Host: J. Khadijah Abdurahman

Just click the Zoom link here to join the show:

Opening dance performance by Stanley Muñoz 

The mysterious phenomenon called ‘tears of wine’ is produced because of shock waves within the film of wine that climbs the side of a glass. Andrea Bertozzi and her colleagues at the University of California, Los Angeles, Yoni Dukler and Hangjie Ji will conduct a live demonstration, discuss their research on the fluid dynamics of wine, recently featured in Nature followed by Q&A from the audience. 

They recommend watching this 10 minute Physics Girl video before the show


Bios

Stanley Munoz Raised in Harlem, New York City, Stanley Munoz focuses on the role of movement in surveillant and artificial intelligence technologies. Many of the problems among marginalized people of color stem from the limited perspectives and disconnected experiences of the stakeholders in the design tables. His work addresses past and present systemic inequities propagated by the tech industry while simultaneously manifesting a queer, afro-centric vision for future development.

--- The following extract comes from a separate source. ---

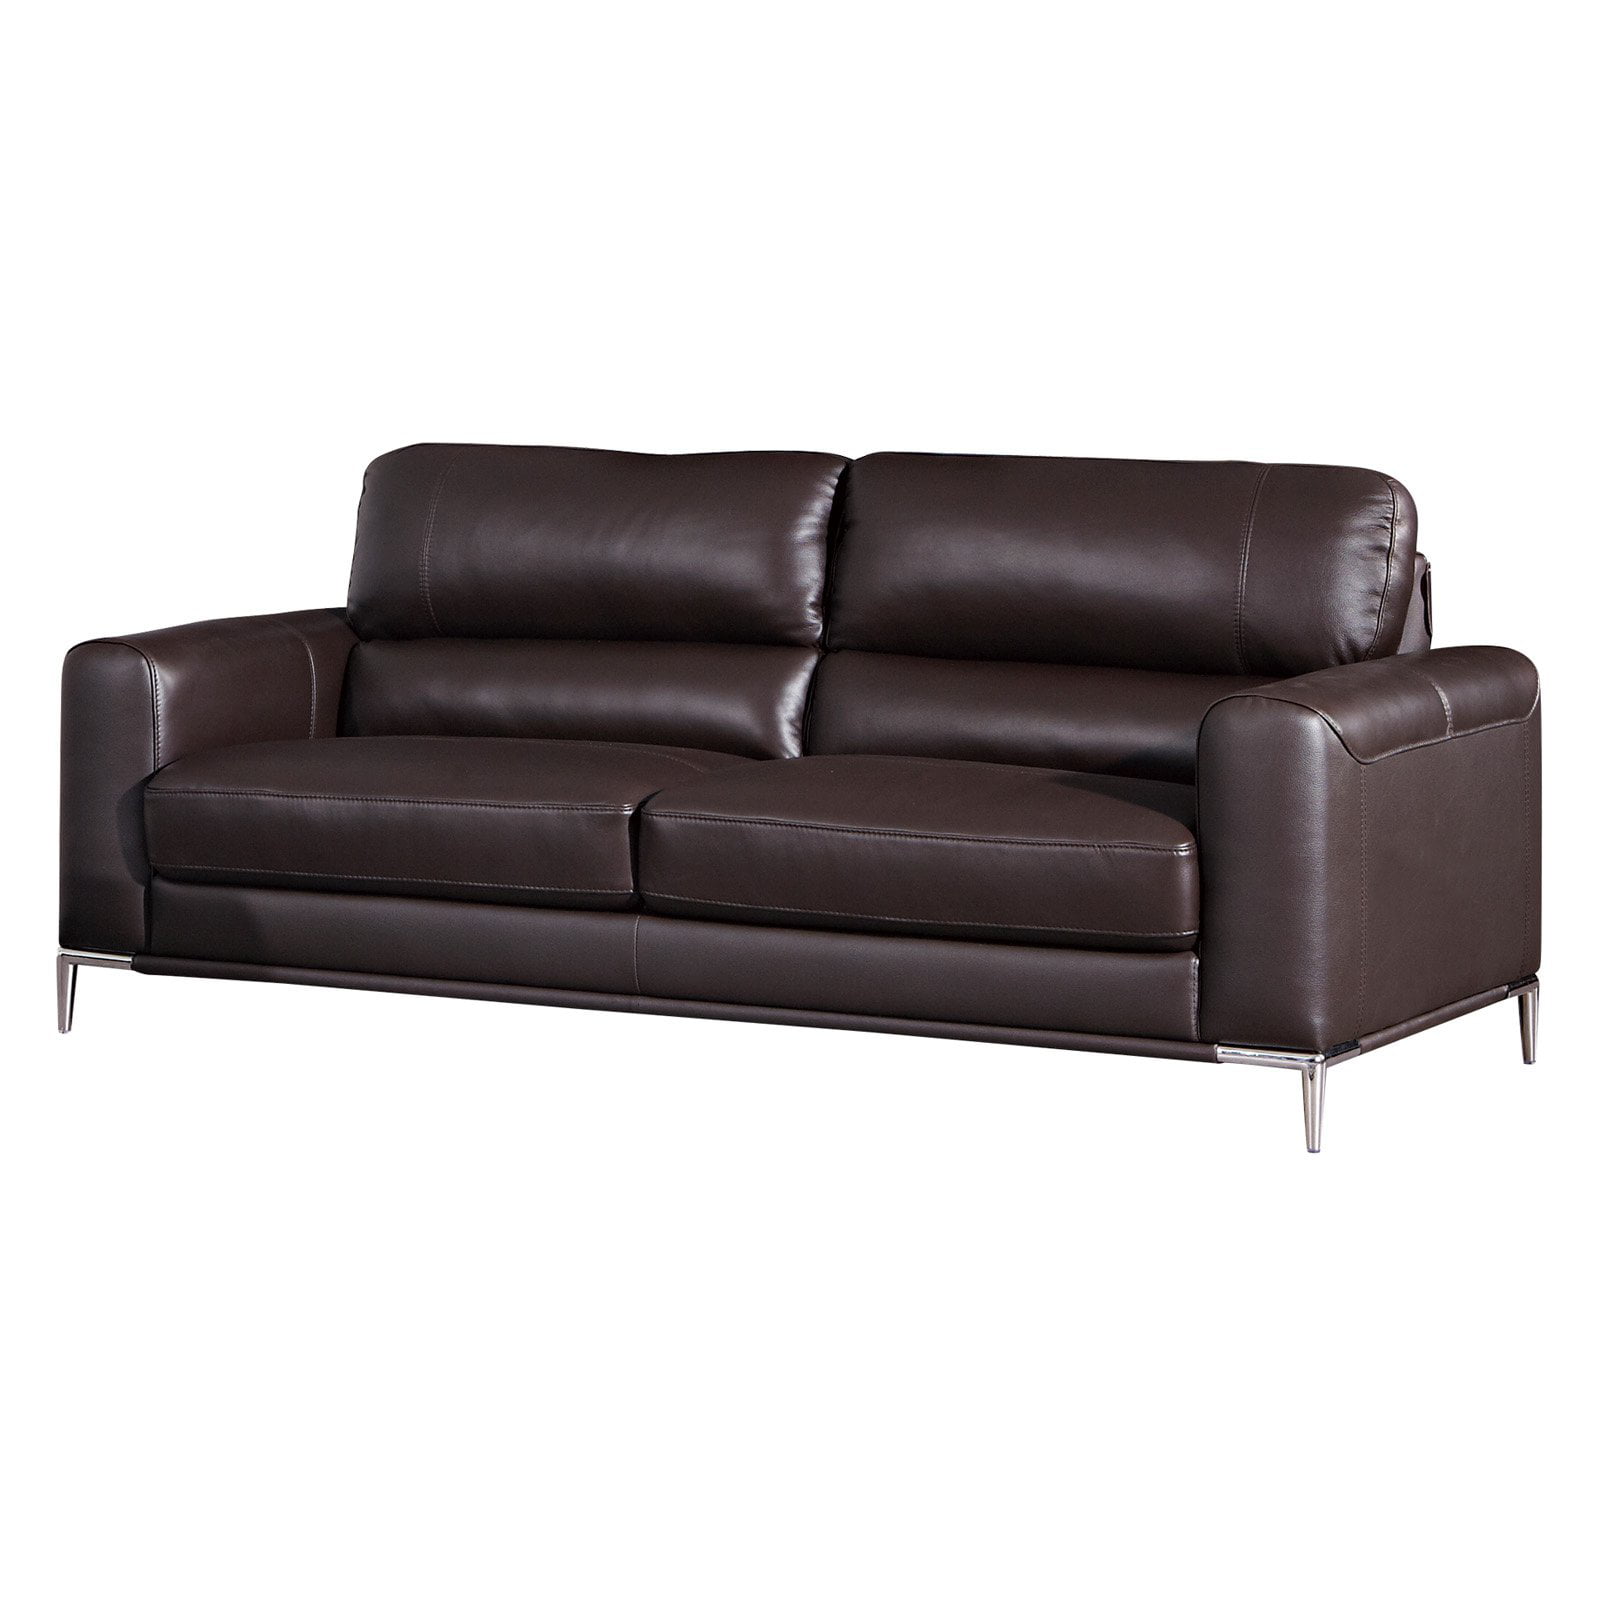 American Eagle Furniture Rodeo Leather Sofa

Andrea Bertozzi is an applied mathematician with expertise in nonlinear partial differential equations and fluid dynamics. She also works in the areas of geometric methods for image processing, crime modeling and analysis, and swarming/cooperative dynamics. Bertozzi completed all her degrees in Mathematics at Princeton. To date she has graduated 37 PhD students and has mentored over 40 postdoctoral scholars.

Hangie Ji is an Assistant Adjunct Professor for the Program in Computing at UCLA Department of Mathematics working as a postdoc of Professor Andrea Bertozzi. I completed my Ph.D. in Mathematics at Duke University under the guidance of Professor Thomas P. Witelski.

Yoni Dukler is a third year PhD candidate in the Department of Mathematics at UCLA working under the joint supervision of Guido Montufar and Andrea Bertozzi. His research is in the field of machine learning and applied mathematics and specifically in their intersection. He’s very fortunate to be supported by the NSF Graduate Research Fellowship (NSF GRFP). Before his PhD, he was studying (pure) mathematics at UCLA with interest in analysis. He received his BS and MA concurrently from UCLA under the Departmental Scholar Program.